The practical takeaway under the 1998 framework. Crosslake could continue to operate its telephone and cable companies, but management had to remain under city-council governance (perhaps with an advisory board or department, but not under a § 412.331-style commission with independent operating authority). To get the autonomy the council sought would require legislative amendment of § 412.351, charter conversion to a home-rule city with broader self-governance authority, or some other restructuring not addressed by the opinion.

Common questions

Q: Can a statutory city own a telephone company at all?
A: Yes, under Minn. Stat. § 237.19. The 1998 opinion does not question city authority to own and operate the telephone company itself; it only addresses whether operation can be delegated to a § 412.331 utility commission.

Q: What about cable television franchises?
A: Statutory cities can grant cable franchises and operate cable systems under Minn. Stat. § 238.08 and related provisions. Again, the issue in the opinion is the management structure, not the underlying authority to provide service.

Q: Why does this matter? What's the difference between council oversight and commission oversight?
A: A council retains political accountability for the utility; voters elect councilmembers who answer for utility decisions at the ballot box. A § 412.331 utility commission operates with substantial autonomy (the statute gives the commission authority to set rates, hire personnel, and make operational decisions independent of council control). Some cities want commission-style autonomy because it insulates utility management from short-term political pressures; the legislature chose to allow that structure only for the enumerated traditional utilities, not for telecom services.

Q: Could the city create an advisory board for telephone and cable management?
A: The opinion does not address advisory boards specifically, but Minnesota law generally allows cities to create advisory boards to assist the council so long as final decision-making authority remains with the council. An advisory body that does not exercise the council's discretion would not run into the Muhring delegation problem; it just cannot be a § 412.331 independent commission.

Q: What if the city is a home-rule charter city, not a statutory city?
A: This opinion addresses statutory cities (governed by Minn. Stat. ch. 412). Home-rule cities derive their authority from their charters and may have different rules about delegation to commissions. The general delegation doctrine still constrains charter cities, but the specific § 412.351 enumeration does not control them.

Background and statutory framework

Minnesota statutory cities are organized under Chapter 412 of the Minnesota Statutes. The chapter sets the powers, governance structure, and operating framework for cities that have not adopted home-rule charters. Within Chapter 412, sections 412.331 to 412.391 establish a public utility commission framework, allowing a council to create a quasi-independent commission to manage certain city utilities.

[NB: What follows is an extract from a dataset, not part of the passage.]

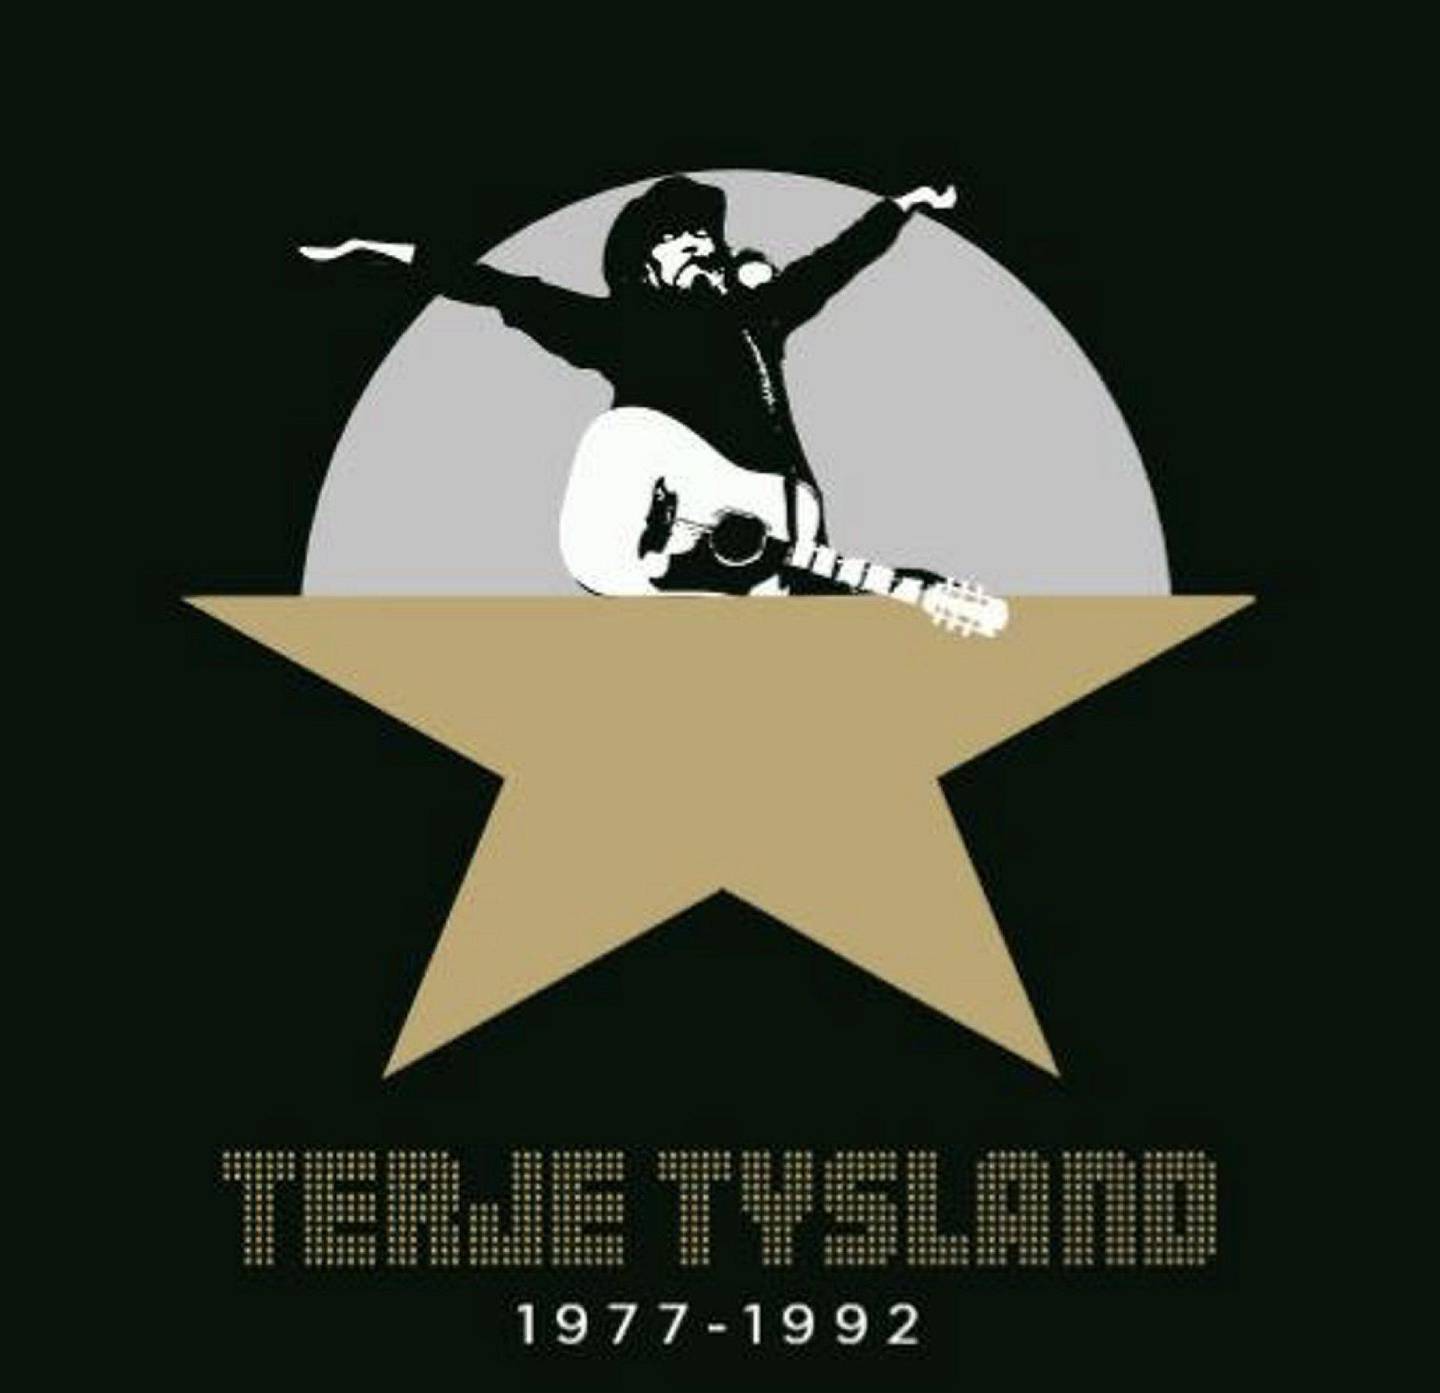 Terje Tysland,KUL Anm Musikk B:«1977 – 1992»
KUL Anm Musikk C:Tronda Musikk

Section 412.351 is the gatekeeper. It lists the utilities eligible for commission jurisdiction:
1. Water system
2. Light and power system (including steam heat)
3. Gas system
4. Sanitary or storm sewer system (or both)
5. Public buildings owned or leased by the city
6. District heating system

The same section defines "public utility" for sections 412.51 to 412.391 as only those enumerated systems placed by ordinance under commission jurisdiction. Telephone and cable are conspicuously absent, despite the legislature's authorization elsewhere for cities to own and operate those services.

The delegation doctrine has deep roots in Minnesota law. Minneapolis Gas and Light Co. v. City of Minneapolis (1886) is the 19th-century anchor; Muhring v. School District No. 31 (1947) extended the doctrine to school districts. The general proposition: a local governing body to which the legislature has entrusted discretion cannot reassign that discretion to a separate entity absent specific legislative permission.

The expressio unius canon (Maytag Co. v. Comm'r of Taxation, 1944) is a standard Minnesota statutory-construction tool. The Court of Appeals applied it to municipal contexts in Lilly v. City of Minneapolis (1995) and A/AL, Inc. v. City of Faribault (1997). The canon is not absolute, but the 1998 AG found no countervailing indicator that the legislature meant the § 412.351 list to be illustrative rather than exhaustive.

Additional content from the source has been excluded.